Using 80 processors.

It took 168 secs to screen 3423400 sequences, removed 227.

[ERROR]: found 3423400 sequences in your fasta file, and 42813 sequences in your summary file, quitting.

mothur > remove.seqs(accnos=csp_bact.trim.contigs.good.unique.bad.accnos, count=csp_bact.trim.contigs.good.count_table)
Removed 0 sequences from csp_bact.trim.contigs.good.count_table.

Output File Names:
csp_bact.trim.contigs.good.pick.count_table

Could you be running out of disk space for the output files?

ERROR]: found 3423400 sequences in your fasta file, and 42813 sequences in your summary file, quitting.

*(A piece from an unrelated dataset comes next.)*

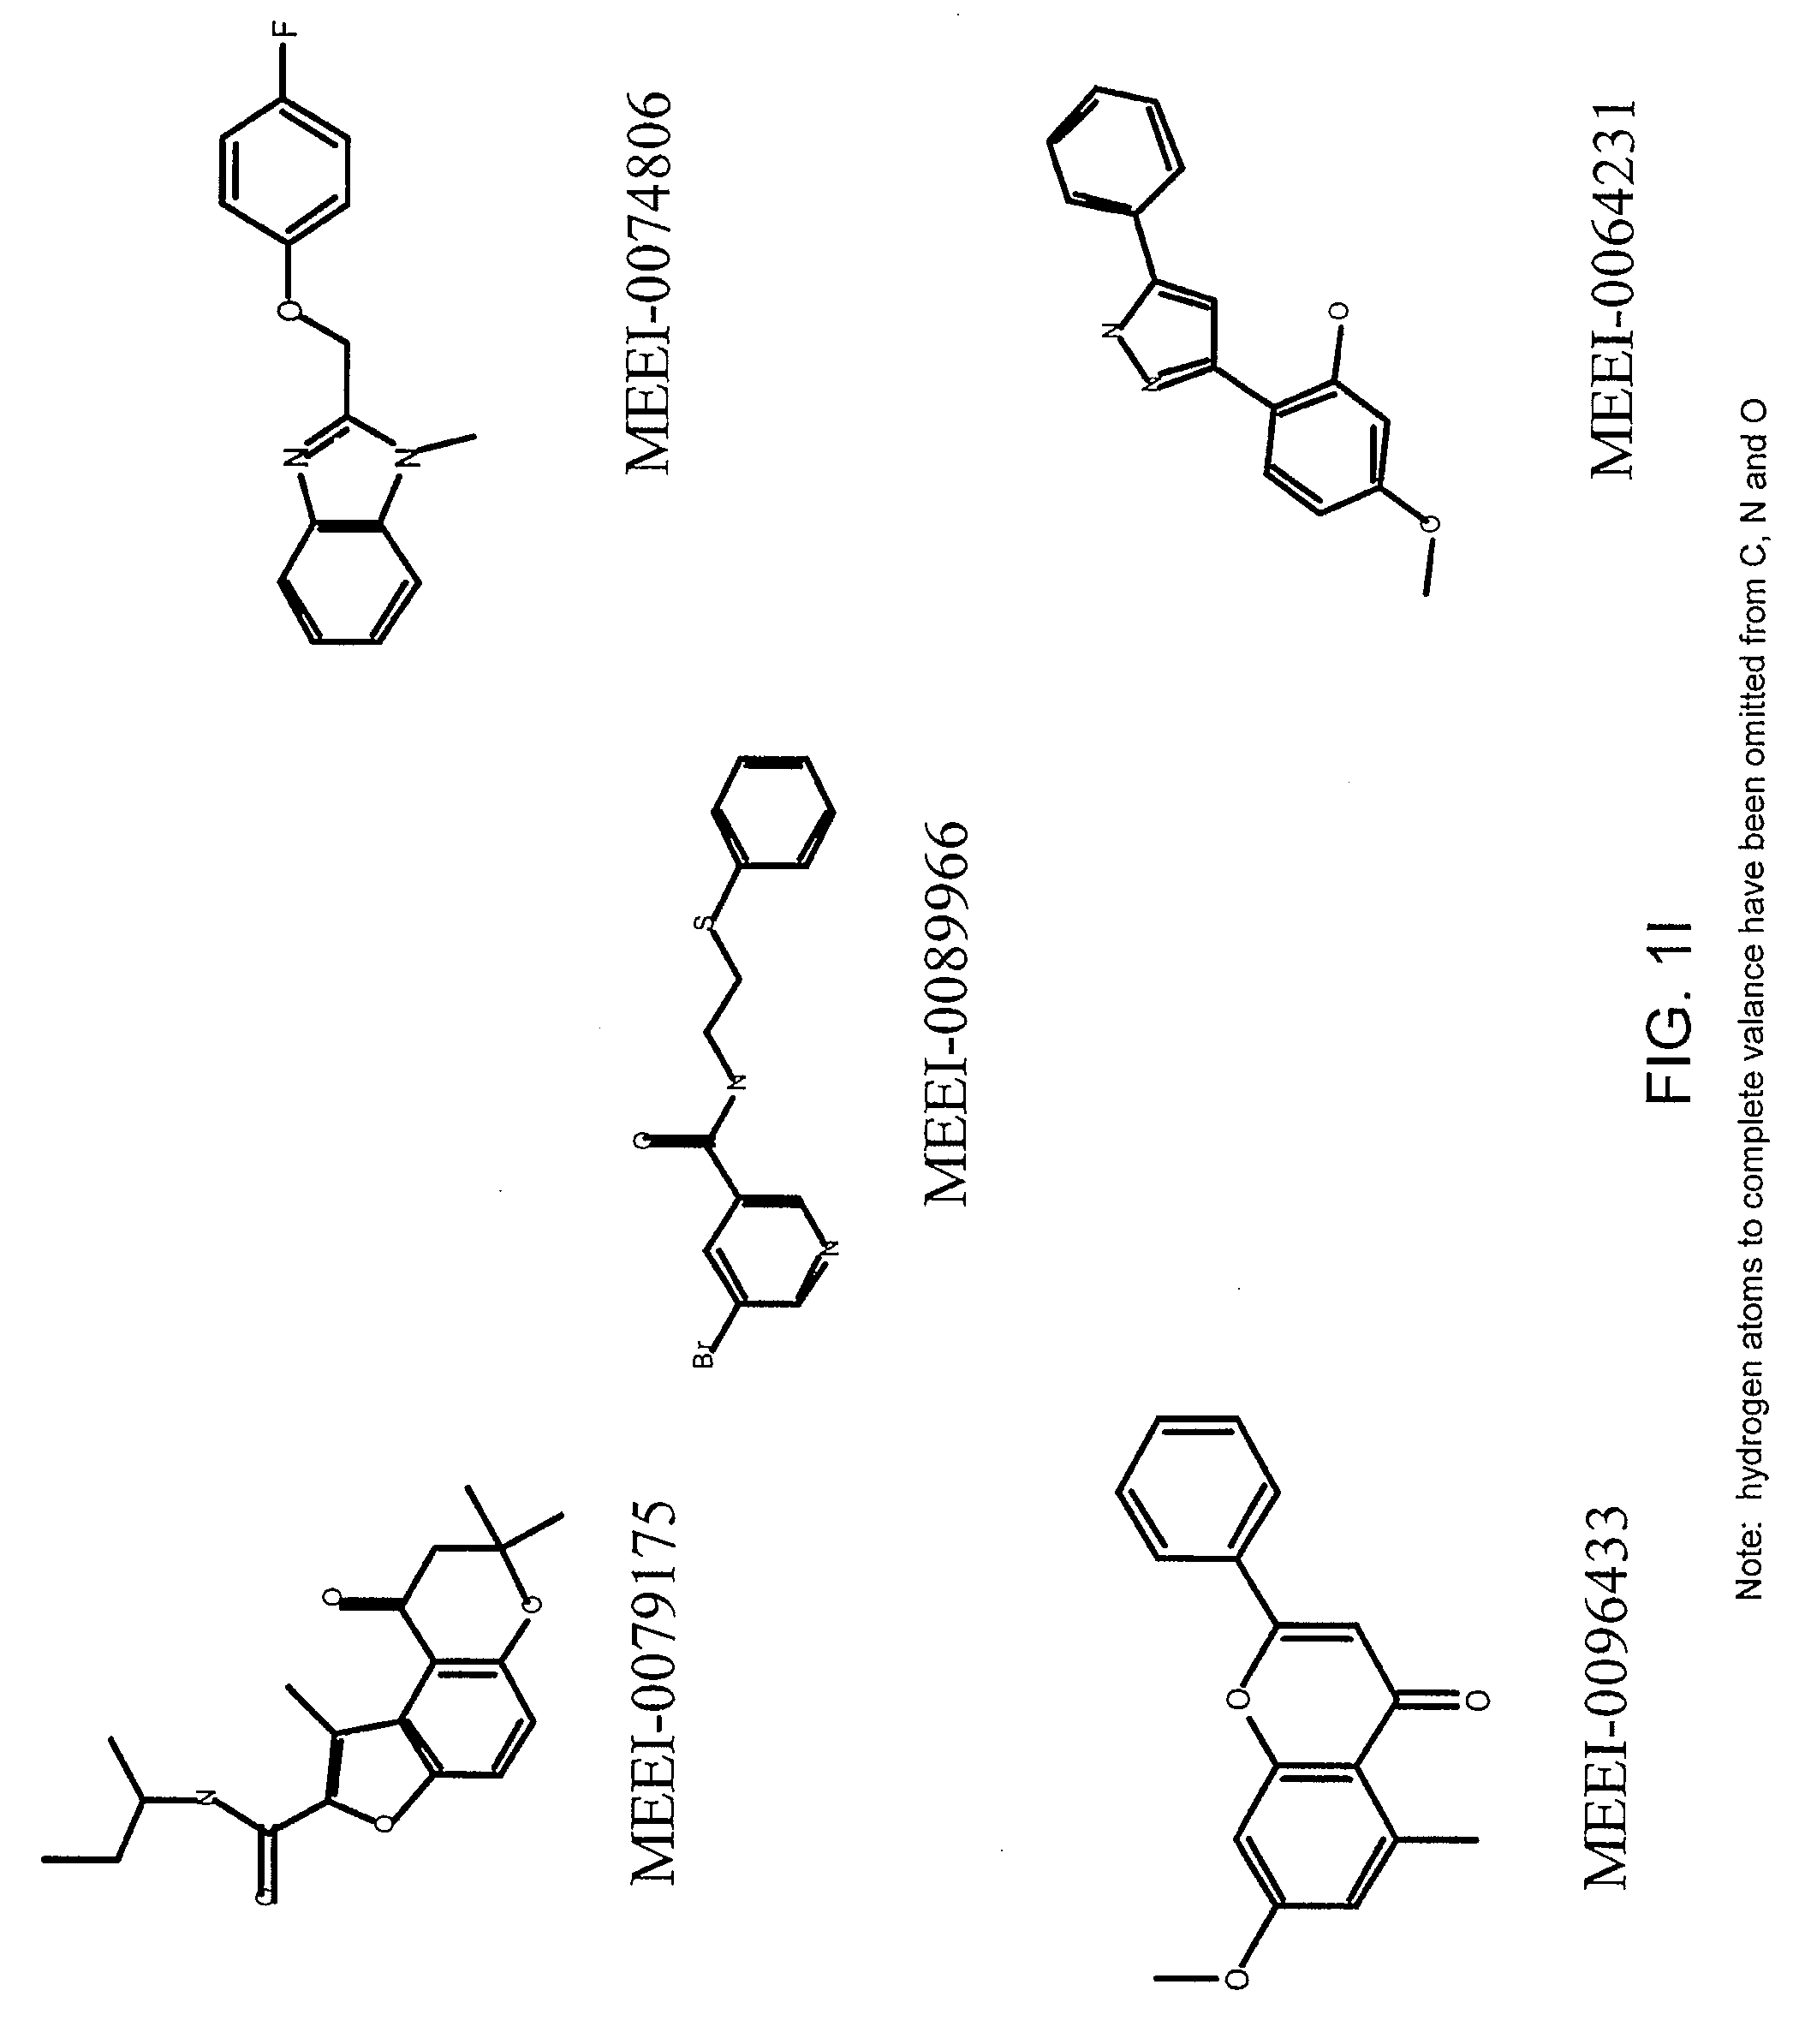 Compounds that enhance atoh1 expression

The above error indicates the summary file was not completely written to file.

That’s possible. I’ll check.
Thanks so much for all of the quick responses.
I really appreciate it.

1 Like

I moved the files to a larger cluster and re-ran the screen-seqs command and it worked! I guess that was the issue! Thank you so much for the help!

1 Like

This topic was automatically closed 10 days after the last reply. New replies are no longer allowed.